Testamentary freedom does not exist in every country, and whether it truly exists in England & Wales is open to debate but there are risks when excluding someone from your will and as part of the instruction taking process, we will ask you if you are excluding someone who could potentially challenge the will, should they expect to receive inheritance from you. Typically, the below are possible challenges to a will:

  • A claim that the will is invalid because the testator/testatrix (the person making the will) lacked mental capacity when the will was signed;
  • A claim that someone exerted undue influence on the testator/testatrix (such as forcing/pressuring someone to make a will or include certain provisions that they wouldn’t usually include); or
  • A claim that they are someone who has been excluded by the testator/testatrix but believe they should have received a reasonable provision from their estate.

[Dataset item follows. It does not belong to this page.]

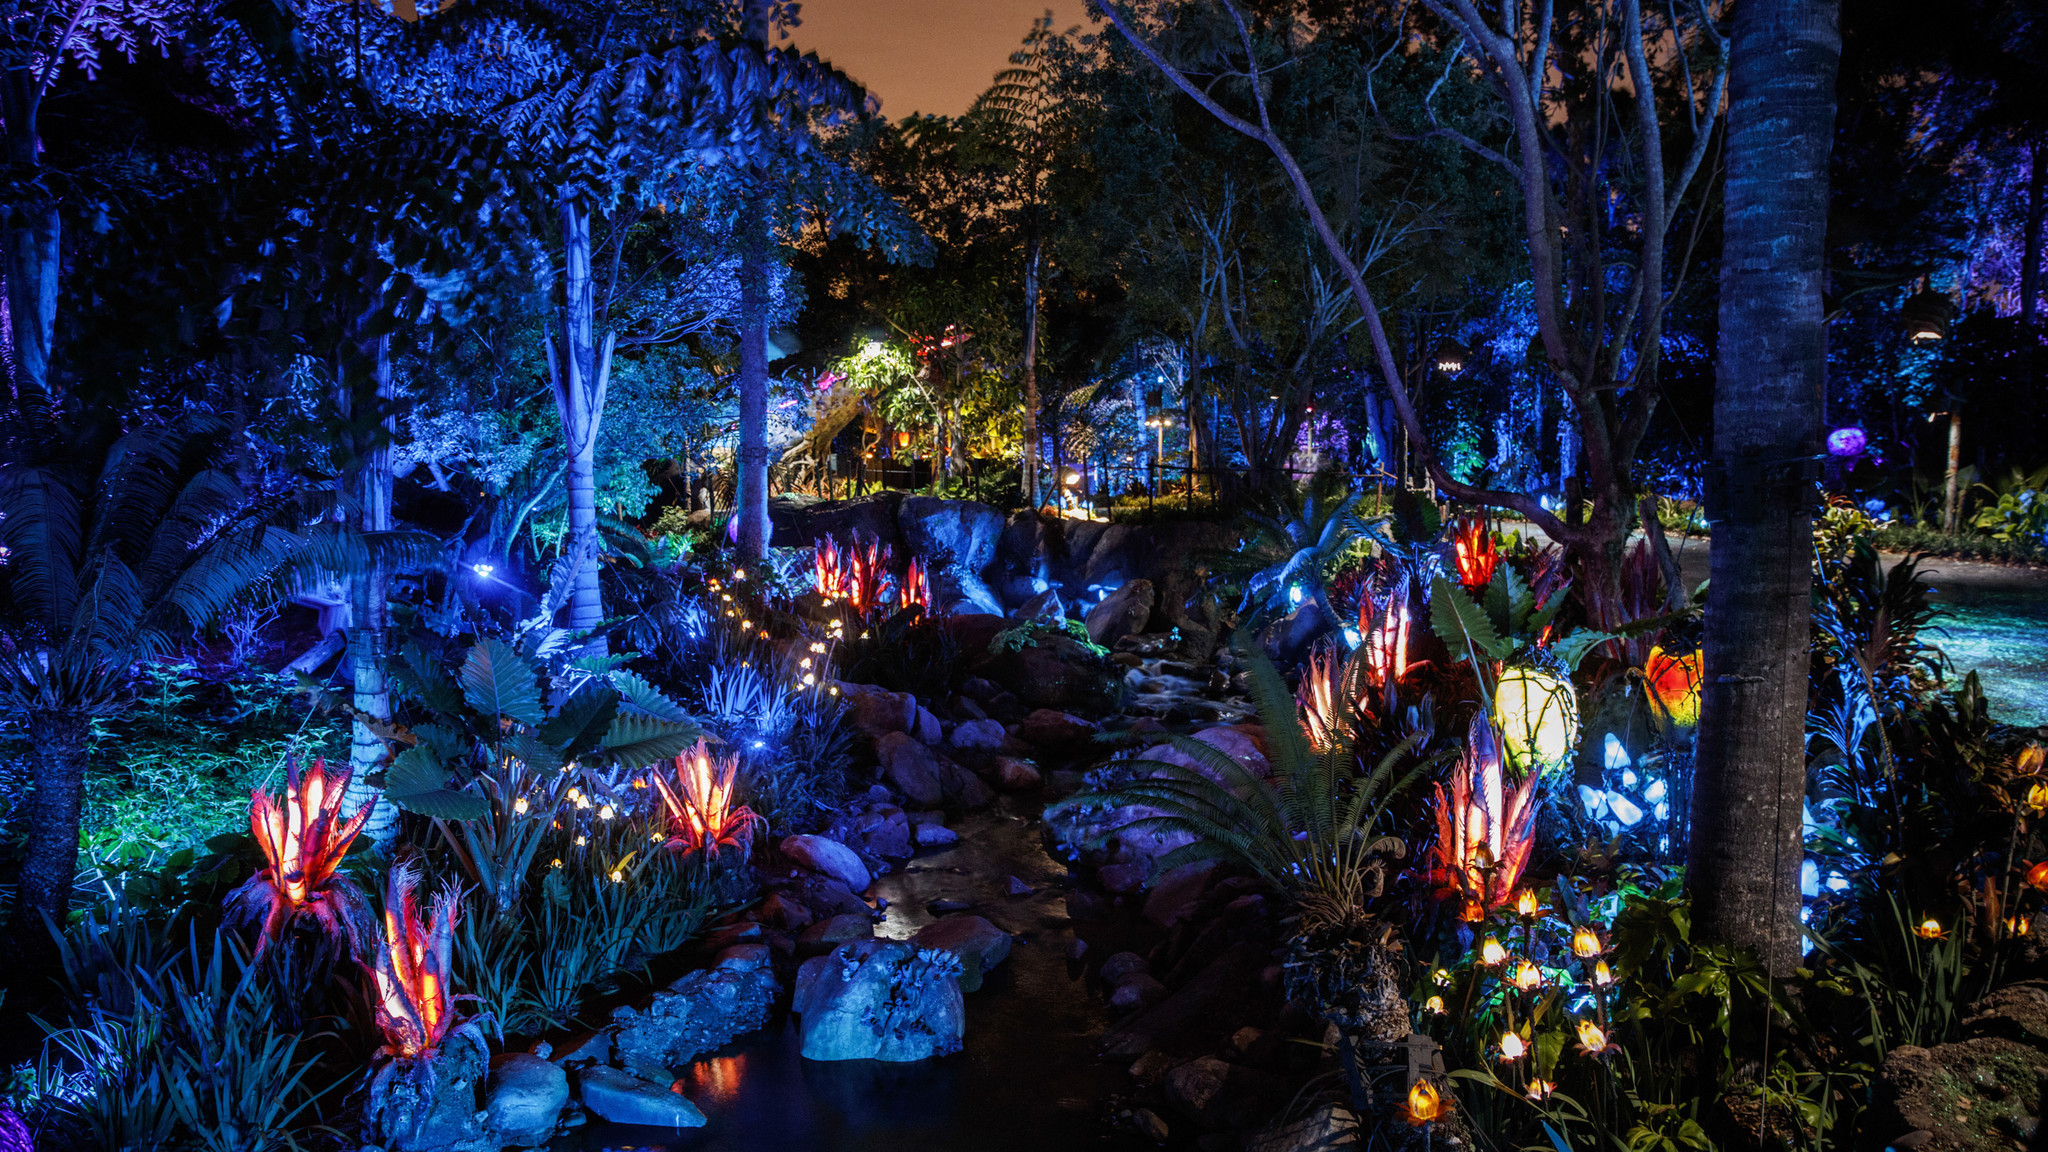 Pandora nature at night.

Challenges under options 1 & 2 are rare in practice as we assess mental capacity at each stage of our instruction, as well as try and judge whether clients are under any undue influence. Challenging under option 3 would be under the Inheritance (Provision for Dependants) Act 1975. The following people are automatically allowed to challenge a will under the legislation: 

  • A spouse or civil partner;
  • A former spouse or civil partner, who has not remarried;
  • A cohabitee who has been living with you for at least 2 years before your death;
  • A child, or step-child (including adult children);
  • Anyone you’ve treated as your child but not necessarily adopted or fostered; and
  • Someone you’ve maintained.

The above are automatically allowed to bring a claim, without the court’s permission, but this does not mean they will automatically be successful in overturning a will. Generally, claims must be made within 6 months of the Grant of Probate being issued, so anyone challenging a will faces a strict time limit for doing so and as part of their claim they must show they have not been given ‘reasonable financial provision’ which will differ on a case-by-case basis. 

When clients indicate they are excluding someone from their will, we will ask for reasons why. Sometimes, we also advise clients to consider leaving a nominal sum of money to them instead, as it’s more difficult for someone to challenge on the basis they are unhappy with the amount they have received, compared to those who have received nothing at all. 

The reasons for excluding are then included in a statement which is drafted and signed at the same time as the will. Should the excluded person challenge the will, then the statement will be submitted as evidence to the court, explaining why they have been excluded. The statement does not guarantee the claim will fail, but it shows clients have considered the matter carefully when drafting the will and have very clear reasons for excluding someone.